И тут началось у меня следствие…
Первый шаг
Передо мною стоял молодой человек лет двадцати пяти, в потасканном вицмундире. Физиономия его не представляла ничего особенно замечательного; это была одна из тех тусклых, преждевременно пораженных геморроем физиономий, какие довольно часто встречаются в чиновническом мире. Взор его был мутен и как-то болезненно сосредоточен, что не мешало, впрочем, мне, как наблюдателю, подметить в нем что-то вроде робкого поползновения на мольбу, но такую мольбу, которая замечается в глазах барана, кротко испускающего дух под ножом мясника. Молодой человек попался, и попался весьма замечательным образом, со всеми онёрами, как выражаются в провинции. Он сочинил фальшивый указ, с целью получить, за неисполнение его, приличное вознаграждение, но не соблюл притом никаких предосторожностей, которые поставили бы его поступок вне законных преследований и привели его к тихому пристанищу, выражающемуся в официяльной форме словами: «А за неотысканием виновного в сочинении фальшивого указа, обстоятельство сие предать воле божией, а дело кончить и сдать в архив». Напротив того, тут было все, что могло служить к улике преступника: и поличное, и соучастники, и обдуманный план, и свидетели; одним словом, обвиняемый как бы нарочно все таким образом устроил, чтоб отрезать себе всякий путь к спасению.
Положение следователя, вообще говоря, очень тяжелое положение. Разумеется, оно далеко не может сравниваться ни с положением фельдмаршала во время военной кампании, ни даже с положением гарнизонного прапорщика во время осады Севастополя; но личный взгляд следователя может придать всякому мало-мальски важному делу интерес, не изъятый своего рода тревожных ощущений. Бывают, конечно, следователи, которые смотрят на свои обязанности с тем же спокойствием, с каким смотрят на процесс пищеварения, дыхания и тому подобные фаталистические отправления своего организма; но до такого олимпического равнодушия не всякий может дойти. Иногда случается, что в голову нахлынут тысячи самых разнообразных и даже едва ли не противозаконных соображений и решительно мешают вышеозначенному спокойствию.
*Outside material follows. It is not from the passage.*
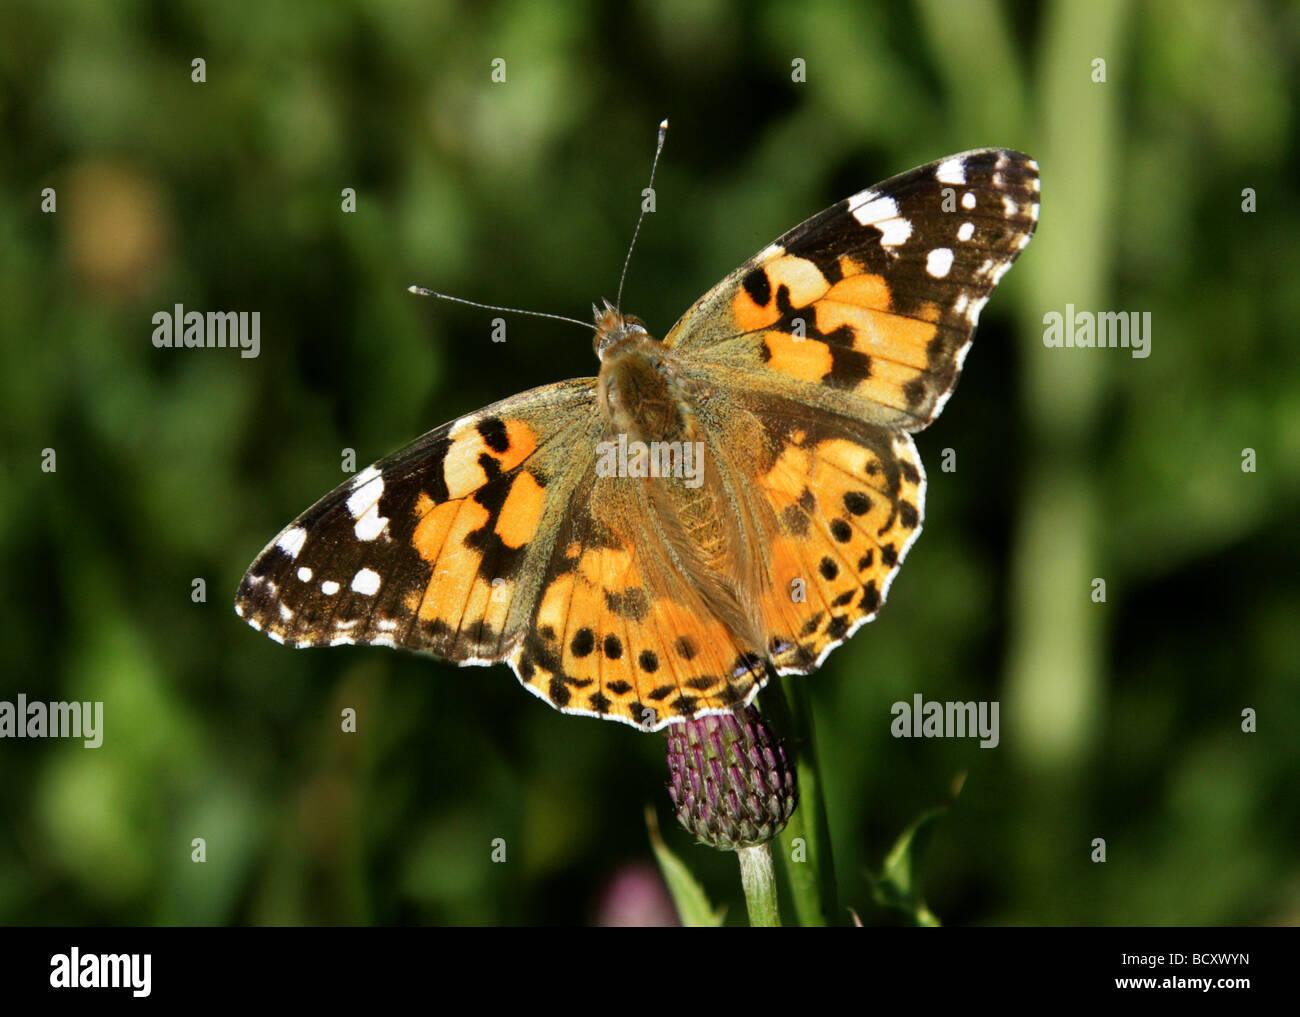 Painted Lady Butterfly, Vanessa cardui, Nymphalidae, Lepidoptera. Feeding on Sawwort, Serratula tinctoria, Asteraceae - Stock Image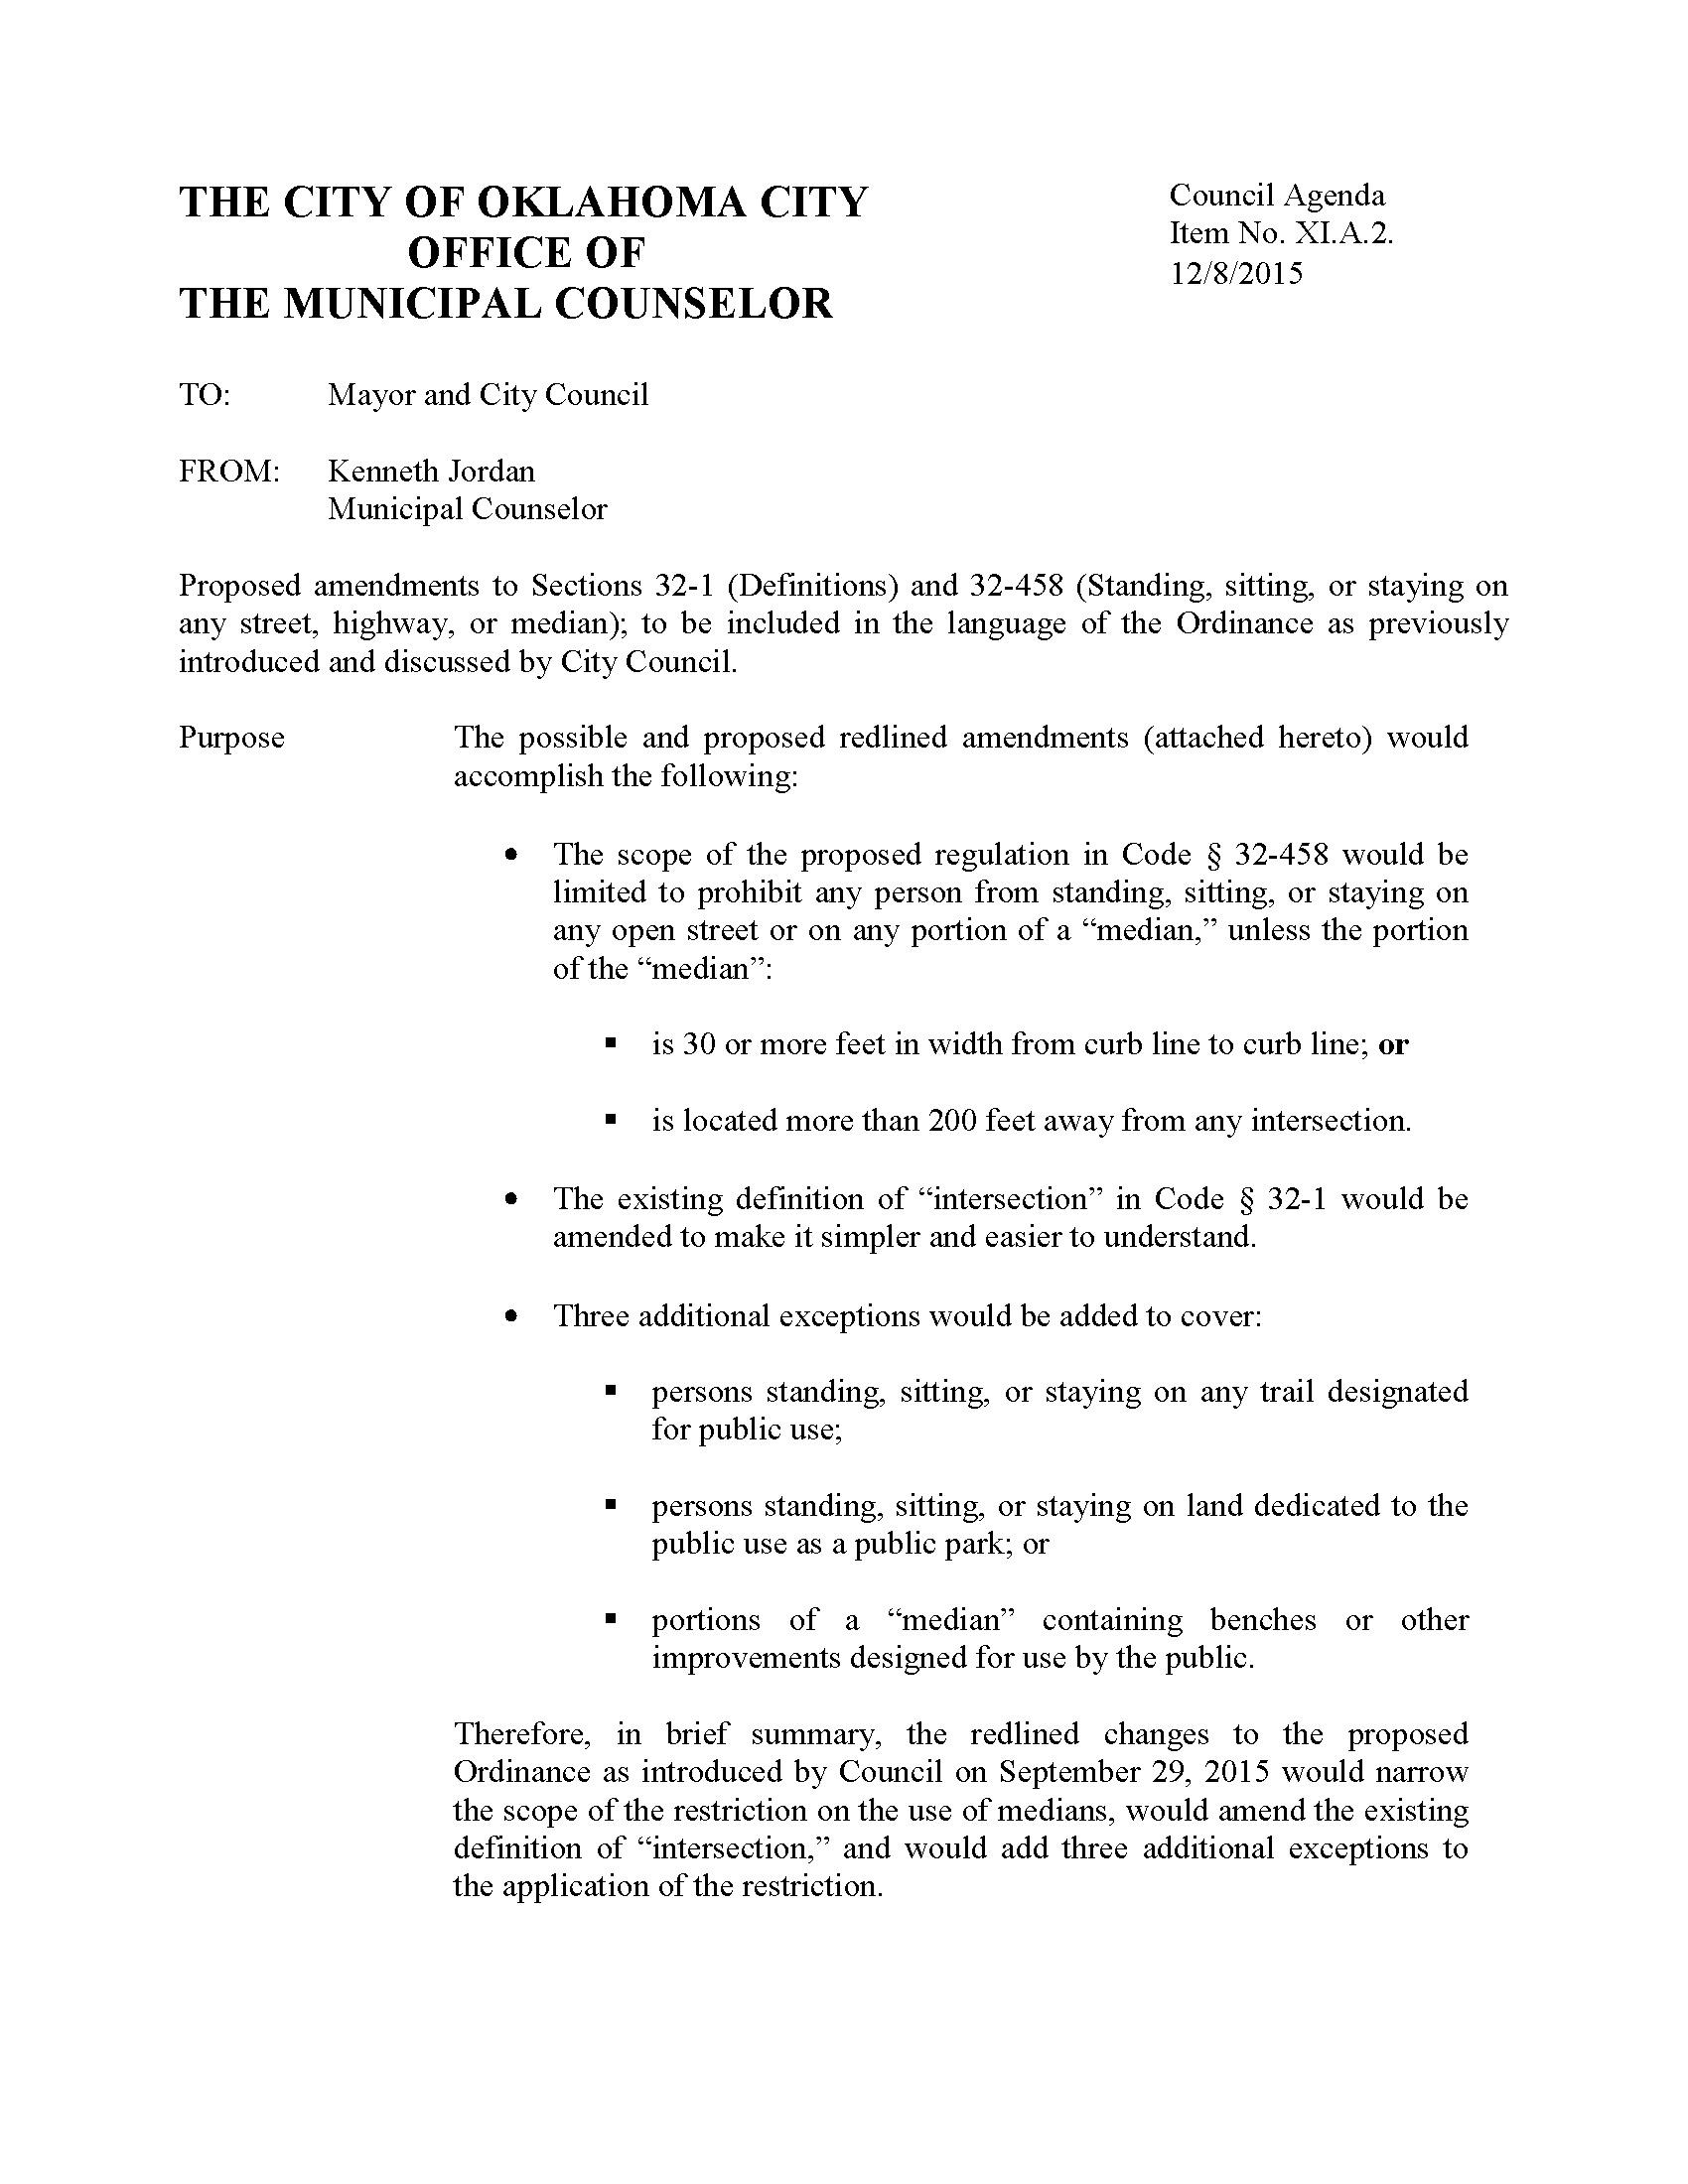 Median_definition_Page_1.jpg

Шевельнется, например, ни с того ни с сего в сердце совесть, взбунтуется следом за нею рассудок, который начнет, целым рядом самых строгих силлогизмов, доказывать, как дважды два — четыре, что будь следователь сам на месте обвиняемого, то… и так далее. Ну, и раскиснешь совсем…
А если следствие предстоит серьезное и запутанное, сколько самых разнородных ощущений теснится в сердце, как тонко делается чутье, как настораживаются все чувства! В воздухе пахнет преступлением; миазмы его не дают дышать свободно; руки осязают преступление; слух беспрестанно оскорбляется нестройными звуками вакханалии преступления. Вам чудится преступление в пище, которую вы вкушаете, и в воде, которую вы пьете. Следователь перестает на время быть человеком и принимает все свойства бесплотного существа: способность улетучиваться, проникать и проникаться и т. д. И сколько страха, сколько ожиданий борется в одно и то же время в его сердце! Поймаю или не поймаю? спрашивает себя следователь каждую минуту своего существования и видимо истаевает на медленном огне отчаянья и надежды. Если же присовокупить к этому, с одной стороны, ожидаемые впереди почести, начальственную признательность и, главное, репутацию отлично хитрого чиновника, в случае удачного ловления, и, с другой стороны, позор и поношение, репутацию «мямли» и «колпака», в случае ловления неудачного, то без труда сделаются понятными те бурные чувства, которых театром становится сердце мало-мальски самолюбивого следователя.